So arbeite ich: Körperorientiertes Coaching
In meinem somatischen Coaching in Freiburg und online geht es nicht um schnelle Lösungen oder fertige Antworten. Es geht darum, wieder in Kontakt mit sich selbst zu kommen – mit dem, was Sie wirklich spüren, fühlen und brauchen.
Ich arbeite prozessorientiert, intuitiv und viel Bottom-up – das bedeutet: Der Weg führt vom Körper zum Kopf und nicht umgekehrt. Viele Coaching-Ansätze setzen auf mentale Strategien, sogenannte Top-down-Methoden: Wir sollen verstehen, analysieren, anders denken. Das kann sinnvoll sein – aber oft reicht es nicht.
Wenn Stress, alte Muster oder Überforderung auftauchen, geschieht das nicht im Kopf, sondern im Körper.
Ein erhöhter Puls, ein Engegefühl in der Brust, ein innerer Rückzug – das sind Zeichen des Nervensystems. Diese Reaktionen entstehen oft lange bevor wir bewusst „wissen“, was eigentlich los ist.

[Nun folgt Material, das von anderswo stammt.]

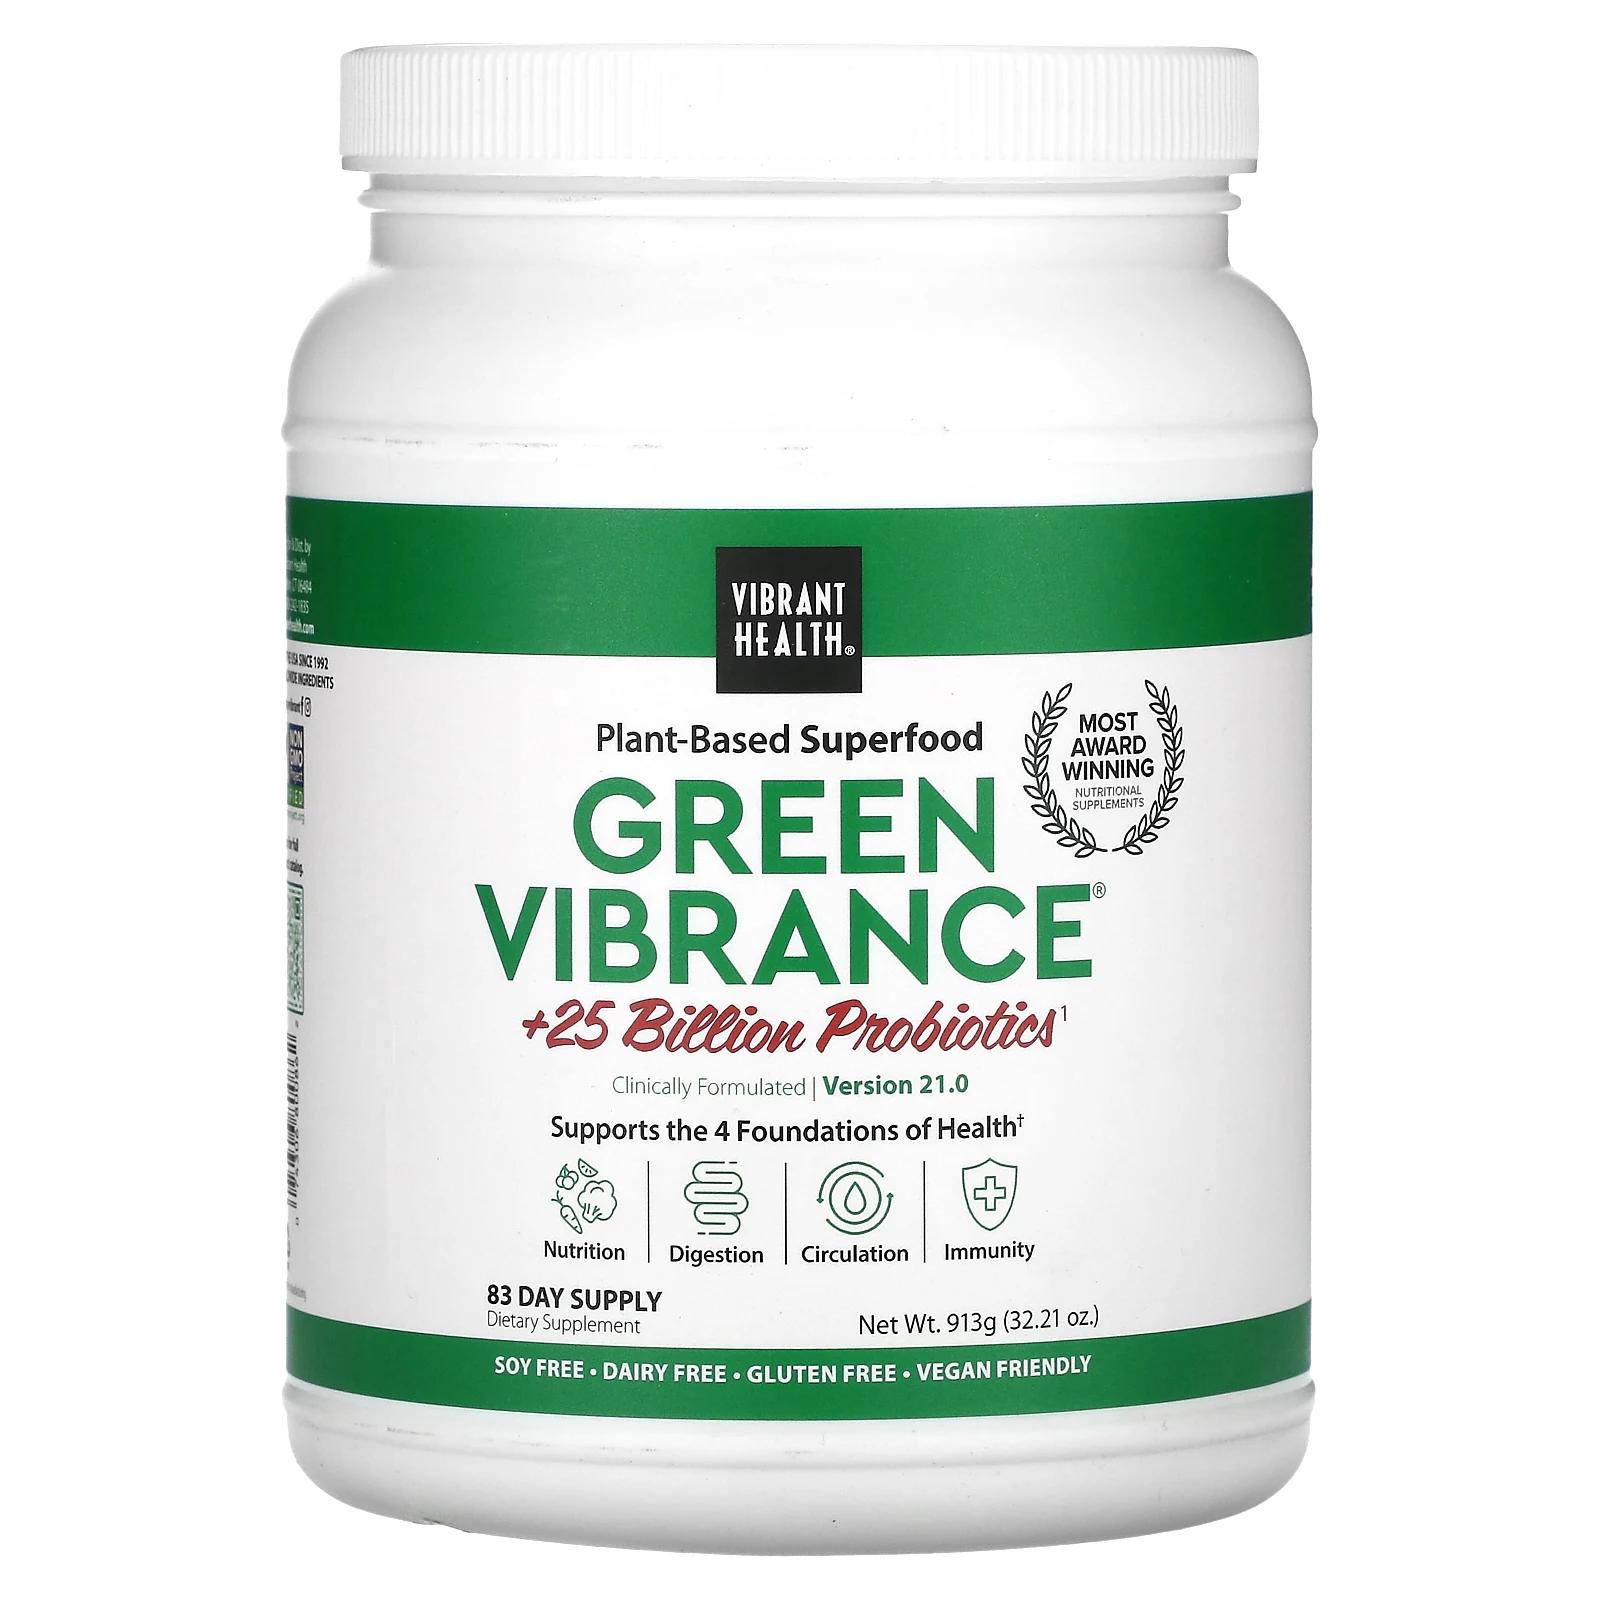 Vibrant Health Green Vibrance +25 млрд пробиотиков версия 17.0 35,27 унц. (1 кг) vibrant health green vibrance 25 млрд пробиотиков версия 17 0 35 27 унц 1 кг

Im körperorientierten Bottom-up-Coaching beginnen wir dort, wo diese Reaktionen entstehen:
Im Spüren. Im Nervensystem. Im Körper.
Gemeinsam lernen wir im geschützten Raum – ob vor Ort in Freiburg oder im Online-Coaching – bei diesen feinen Körperempfindungen zu verweilen – ohne zu überfordern. So entsteht Raum für echte Veränderung, die nicht nur gedacht, sondern verkörpert ist.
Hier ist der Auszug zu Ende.